Using PyPDF2
to read a pdf
file with some line drawings, using code like below
from PyPDF2 import PdfFileReader
with open('temp.pdf','rb') as f:
pdf = PdfFileReader(f)
for page in pdf.pages:
print page['/Contents'].getData()
I see page content that looks like this:
q 0.24 0 0 0.24 0 0 cm
/R7 gs
8.5 w
1 J
1 j
0 0 0 RG
2361 118.961 m
2361 3388.96 l
S
2361 3388.96 m
118 3388.96 l
S
...
To me this looks like PostScript, using aliases for the operators (please correct me if I'm wrong).
Some of these aliases I believe I can decipher, e.g. m
, l
, and S
look to me like newpath moveto
, lineto
, and stroke
, respectively. However, it would be a great help if I could have a look at the alias definitions (bind def
) which I assume must be present somewhere at the start of the file.

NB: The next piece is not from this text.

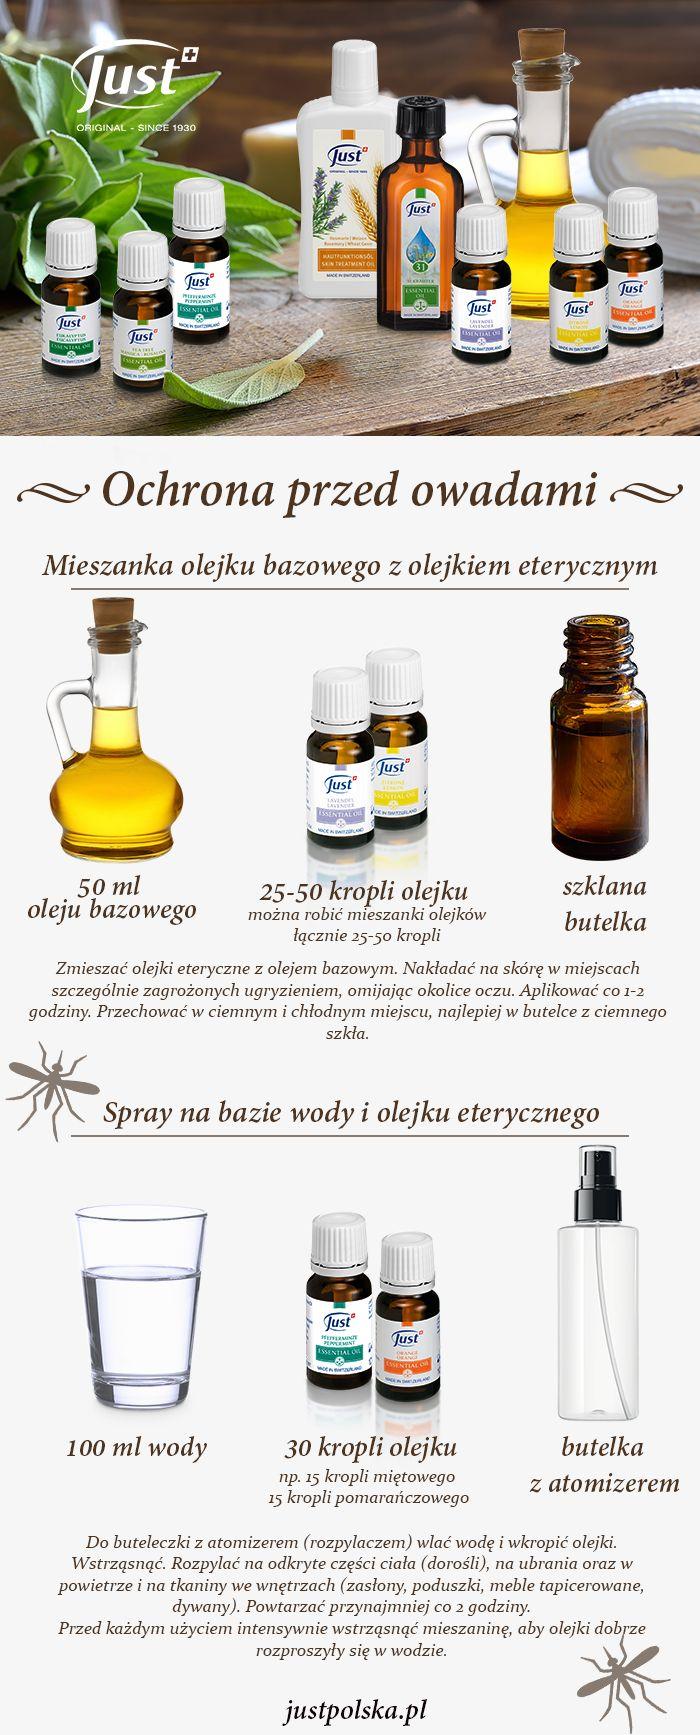 #olejki #eteryczne #diy #komary #sposób #just #polska #justpolska Szukasz sposobów na walkę z komarami, kleszczami w okresie letnim? Zobacz jakie olejki eteryczne polecamy: Olejek eukaliptusowy 10 ml: komary,  Olejek lawendowy 10 ml: komary, mole, muchy, pajęczaki, gryzonie  Olejek miętowy 10 ml: komary, pająki, mrówki Olejek z drzewa herbacianego 10 ml: komary, kleszcze Olejek cytrynowy 10 ml: komary, mole, muchy, mrówki. Olejek pomarańczowy: komary Olejek tymiankowy 10 ml: meszki
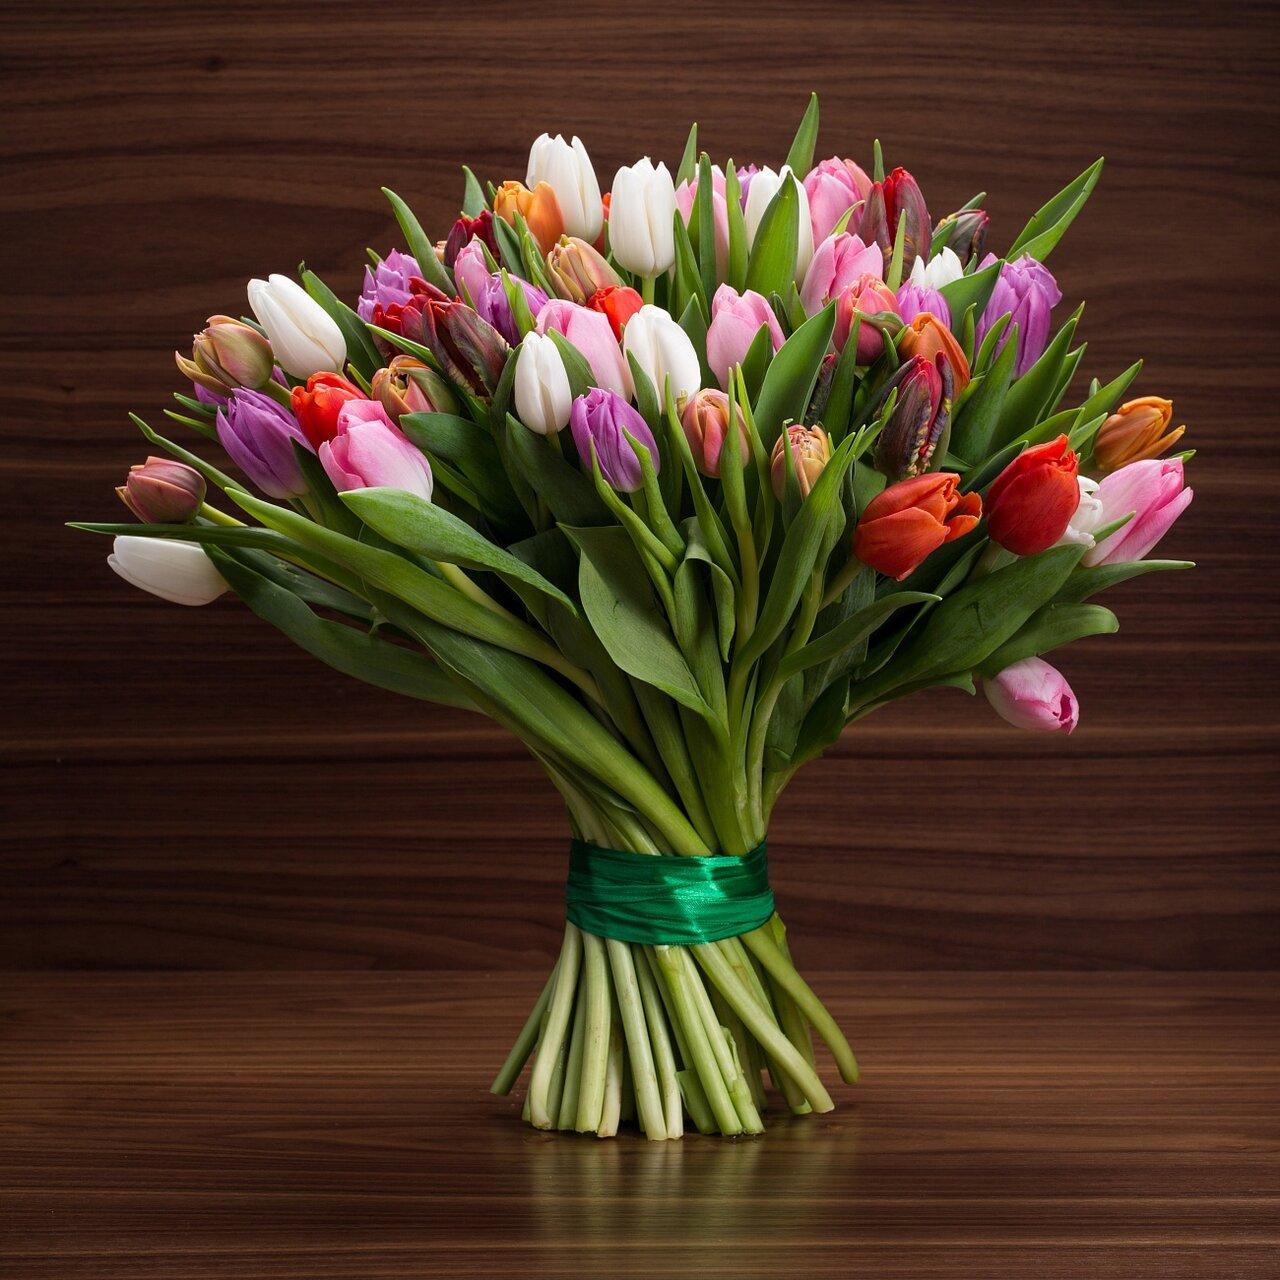 часто цветы букеты красивые из тюльпанов картинки канацеи, середина

I guess this should not be difficult, if you know how, but I have not been able to find out how to access this postscript header information using PyPDF2
(despite reading the docs and searching the web, including StackOverflow).
Could someone tell me? Or am I on the wrong track entirely?
That doesn't look like PostScript to me, it looks like PDF. Since you are reading a PDF file that's hardly surprising! :-)
Since its not PostScript, it won't have a prolog with definitions of the procedures.
You can find the operator definitions in the PDF Reference Manual which can be found with a Google search. Don't read the ISO specification (which you shouldn't be able to get anyway, since its copyrighted and has to be paid for), read the Adobe specification instead, its easier.
FWIW q is gsave (and Q is grestore) while cm is concat matrix (ie concat). RG is setrgbcolor. w, j and J set entries in the graphics state for linewidth, linecap and linejoin and gs is set an extended graphics state, which doesn't really have a PostScript equivalent.